Mustapha noted that, in 2023, much emphasis will be placed on in - creasing rice production with the investments being made in farm to market roads, the opening of new lands, construction of drying floors and the exploration of high-value yielding varieties.
However, A Partnership for National Unity/ Alliance For Change (APNU / AFC) Opposi- tion Parliamentarian, Vinceroy Jordan, accused the government of neglecting the sector and rice farmers.
He said: “Hundreds of acres of rice lands abandoned, left uncultivated because of the high cost of production.

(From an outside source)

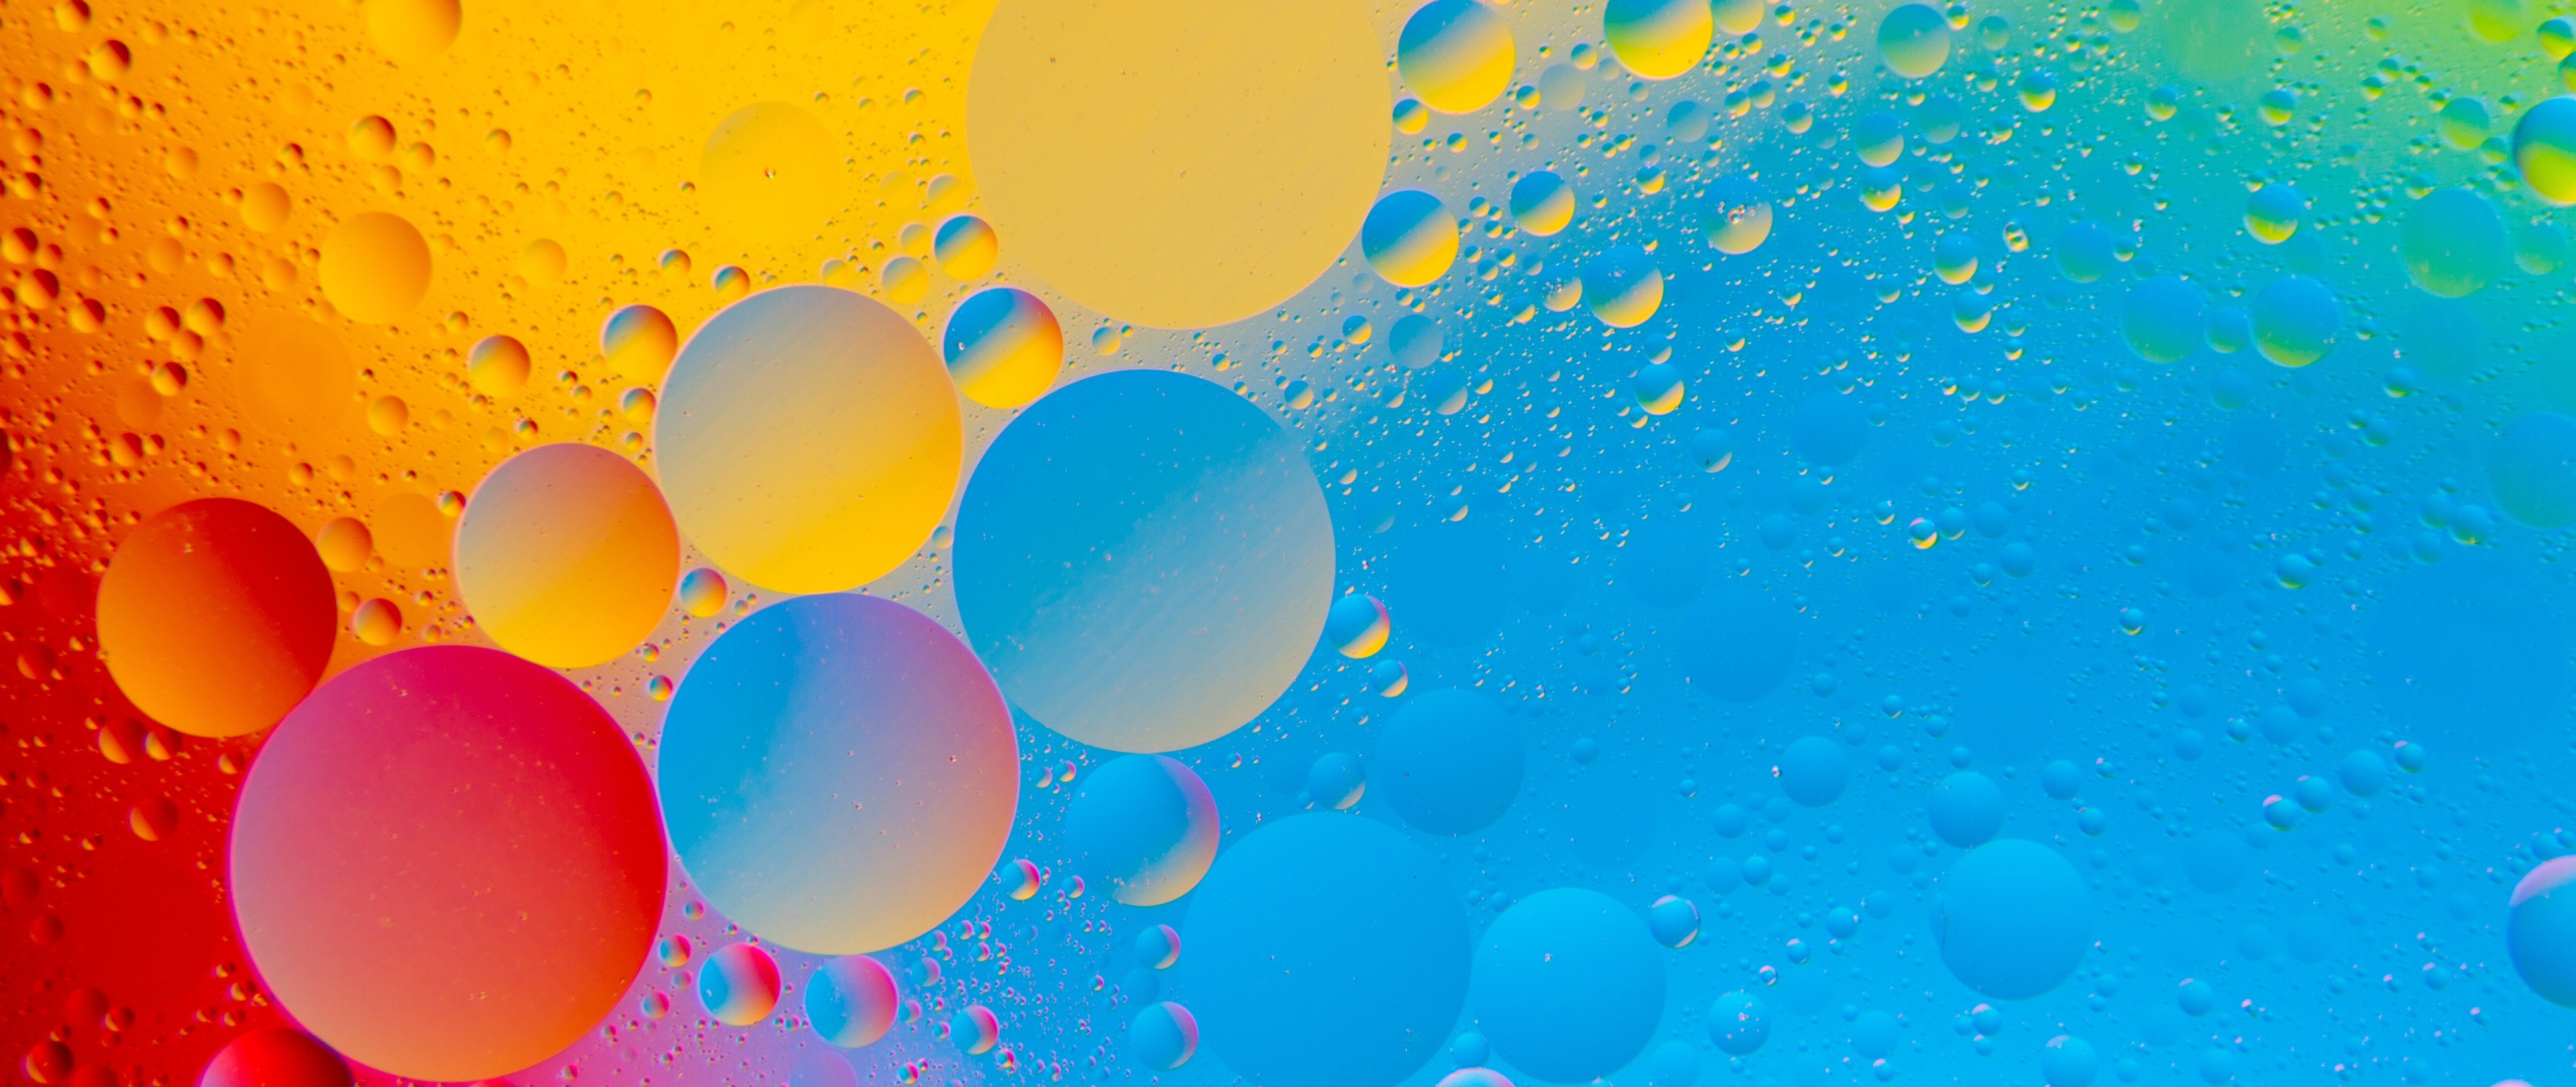 Abstract Painting 4k Hd Desktop Wallpaper For 4k Ultra Hd: Colourful Bubbles 4K HD Abstract Wallpaper 4K Ultra HD

Yet, in Budget 2023, there is no measure to cushion this and to assist the hundreds of rice farmers to return to their daily living,”
Responding to the opposition MP’s statements, Mustapha said that some 170,000 hectares of rice will be planted in 2023, contributing further to the eight per cent increase that was recorded in 2022.

“When coming to this honourable House, come with facts, don’t come with baseless accusations,” Mustapha stated.
He said: “In the largest rice producing region, Region Five, the MMA/ADA [Mahaica
Mahaicony Abary - Agricultural Development Authority] scheme, the first crop and the first term in government we planted 100,000 hectares of rice in that area.”
However, Mustapha said that an additional 80,000 hectares of rice will be cultivated in Region Five, while 75,000 will cultivated in Region Six.
“We had the most devastating floods in the history of the country, where all the 10 regions were affected, but we persevered and this crop will rebound and plant another 80,000 acres in that area…Region Six, we will plant 75,000 acres and I am hoping by the end of this month we will cultivate approximately 200,000 of acres of rice.”
The increase in production, he said, will see the rice industry growing by 29.2 per cent in 2023.
Further responding to the heckling of opposition members, Mustapha reminded that it was the APNU+AFC regime that had closed four sugar estates, putting roughly 7,000 Guyanese citizens out of a job.